**EXERCISE DIRECTIONS**
From the material below, return exactly the lines starting at the one that holds "Ruff Wear Ruffwear" and ending at the one that holds "Стол La Redoute". Pictures stay out of the answer.

**DATA TO EXAMINE**

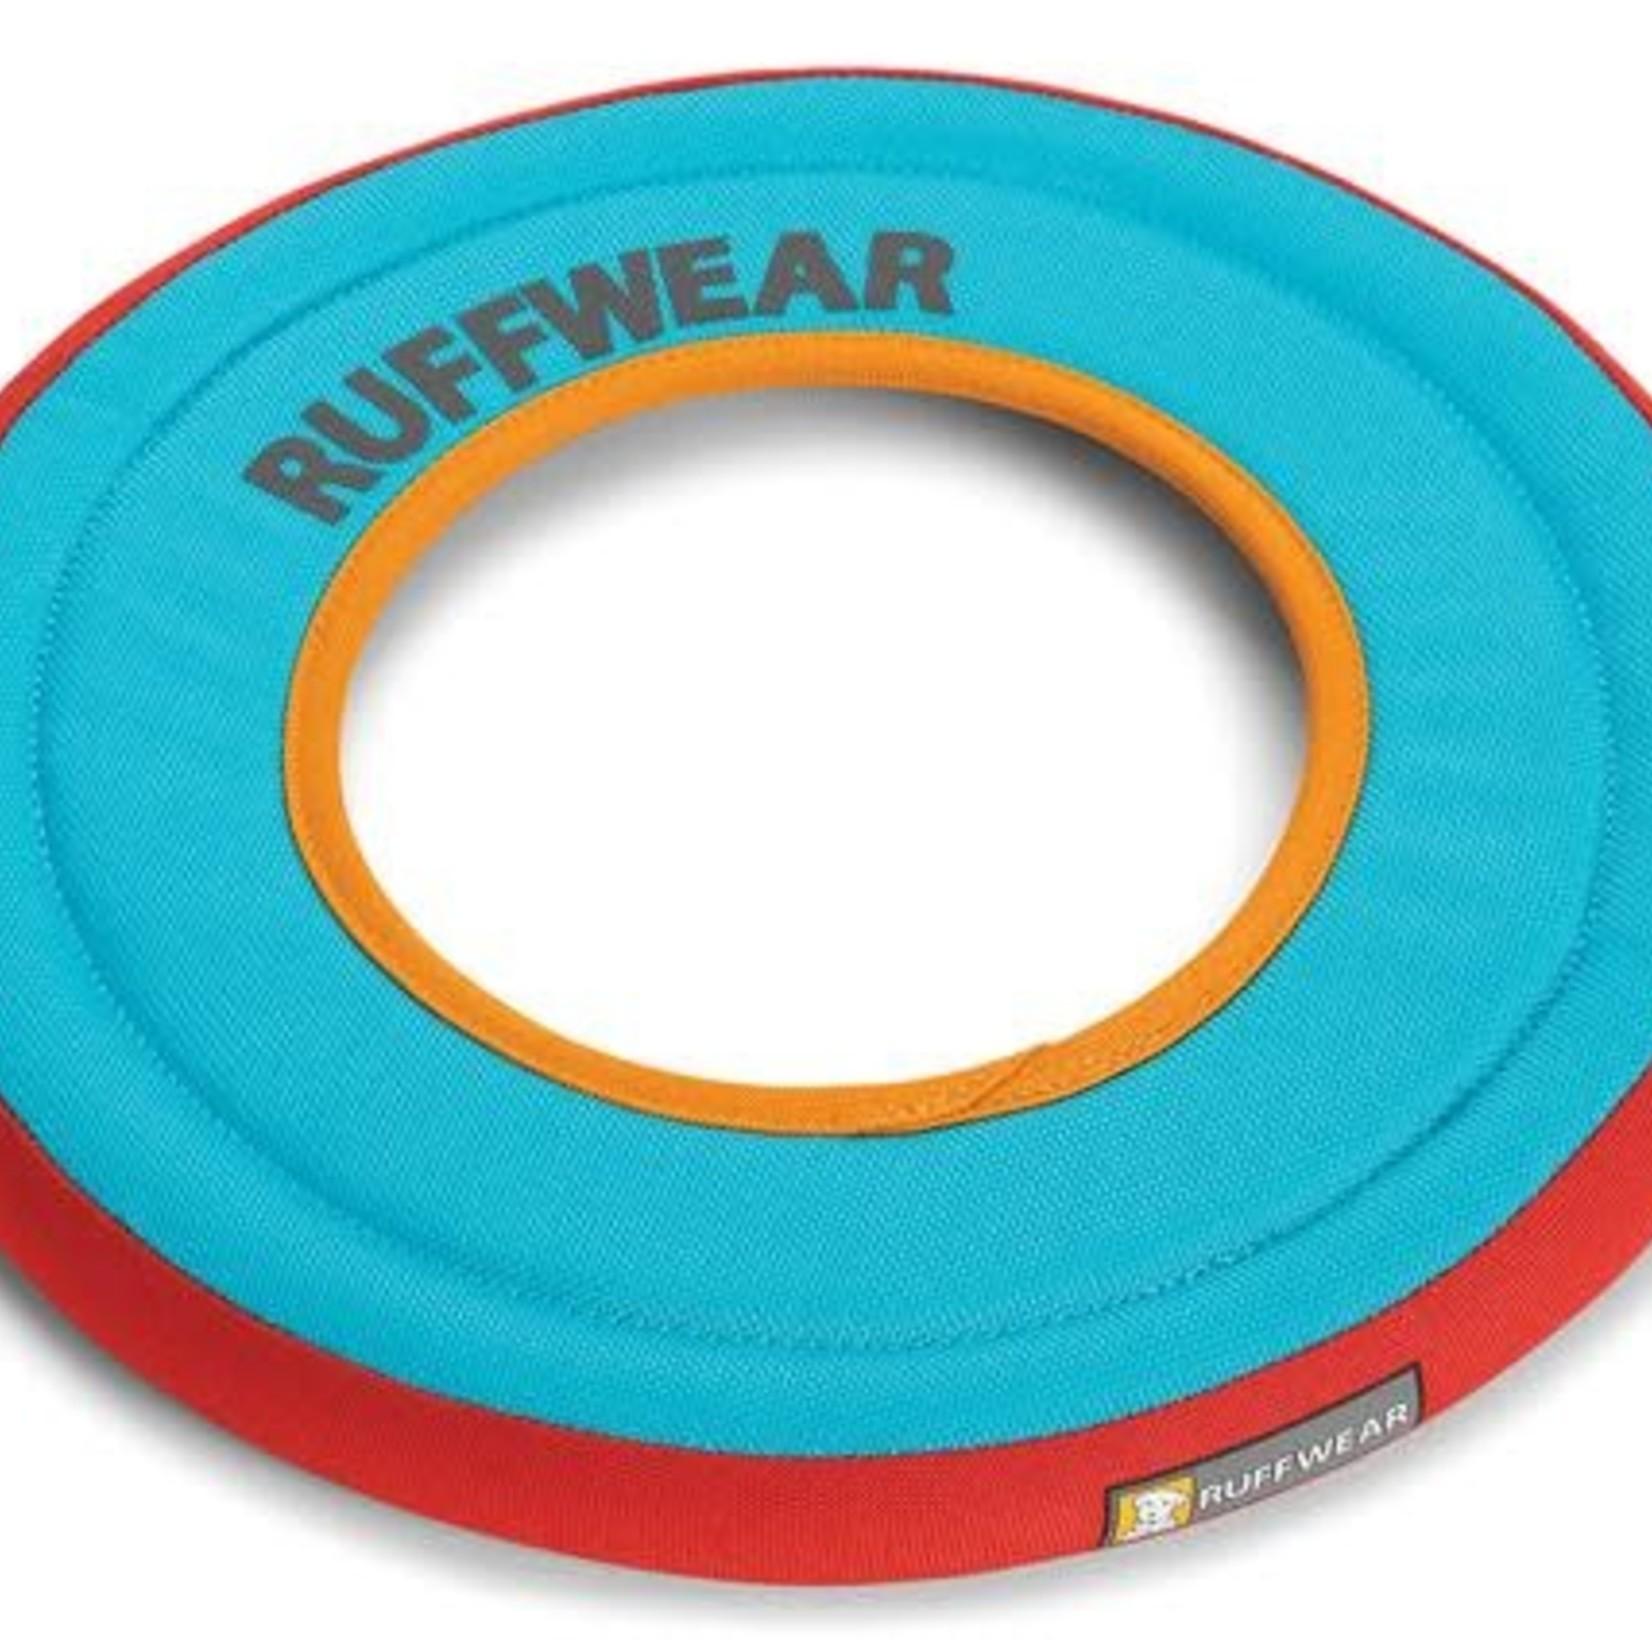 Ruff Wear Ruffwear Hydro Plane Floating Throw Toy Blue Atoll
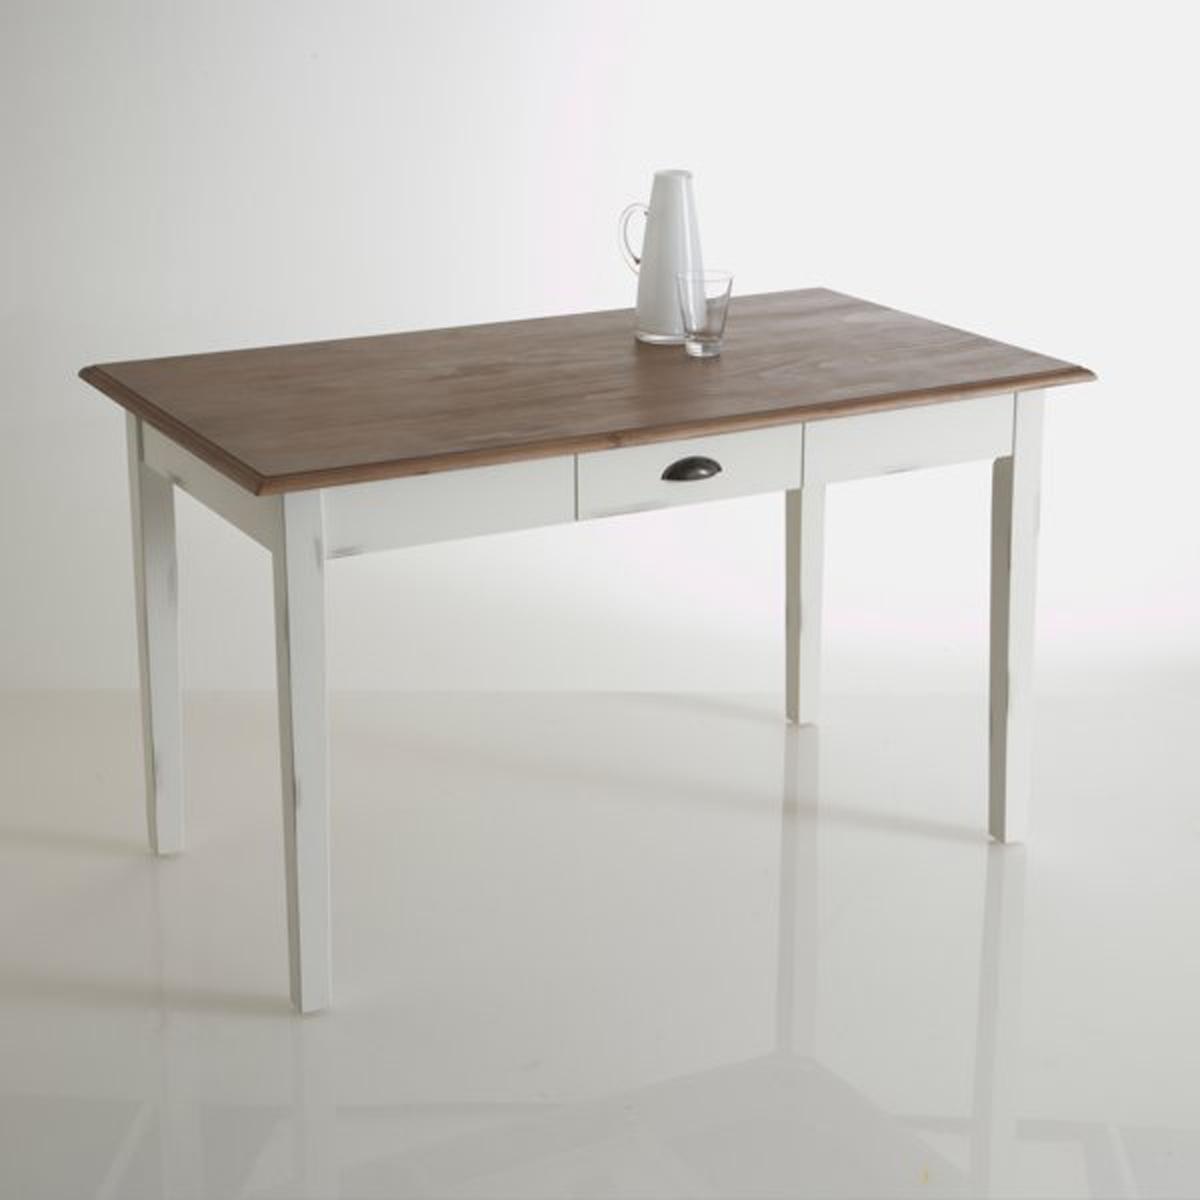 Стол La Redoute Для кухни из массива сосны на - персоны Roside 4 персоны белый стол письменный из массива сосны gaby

--

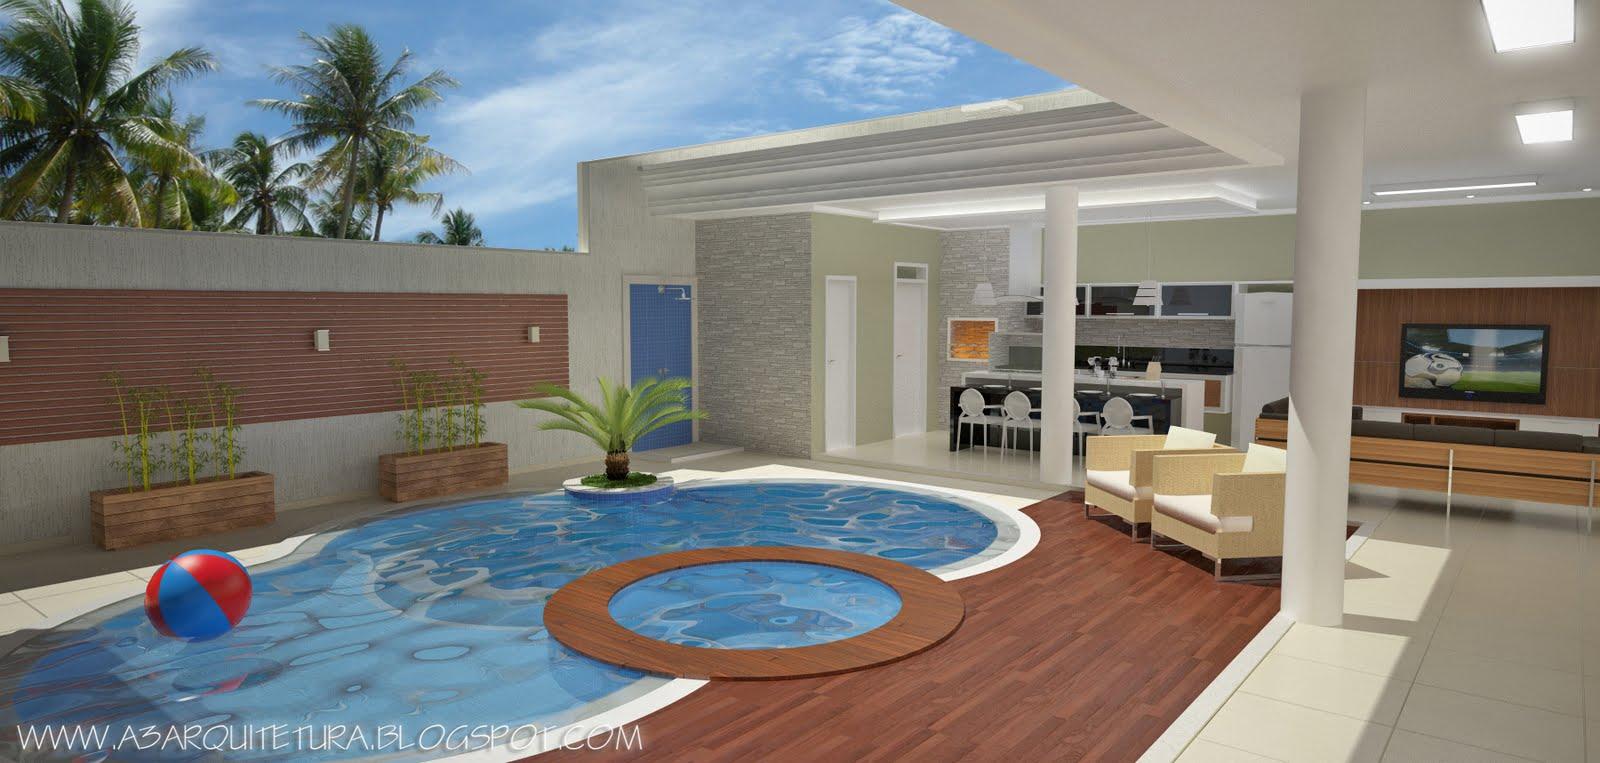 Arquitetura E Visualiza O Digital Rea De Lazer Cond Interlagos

**FINISHED TASK**
 Ruff Wear Ruffwear Hydro Plane Floating Throw Toy Blue Atoll
 Стол La Redoute Для кухни из массива сосны на - персоны Roside 4 персоны белый стол письменный из массива сосны gaby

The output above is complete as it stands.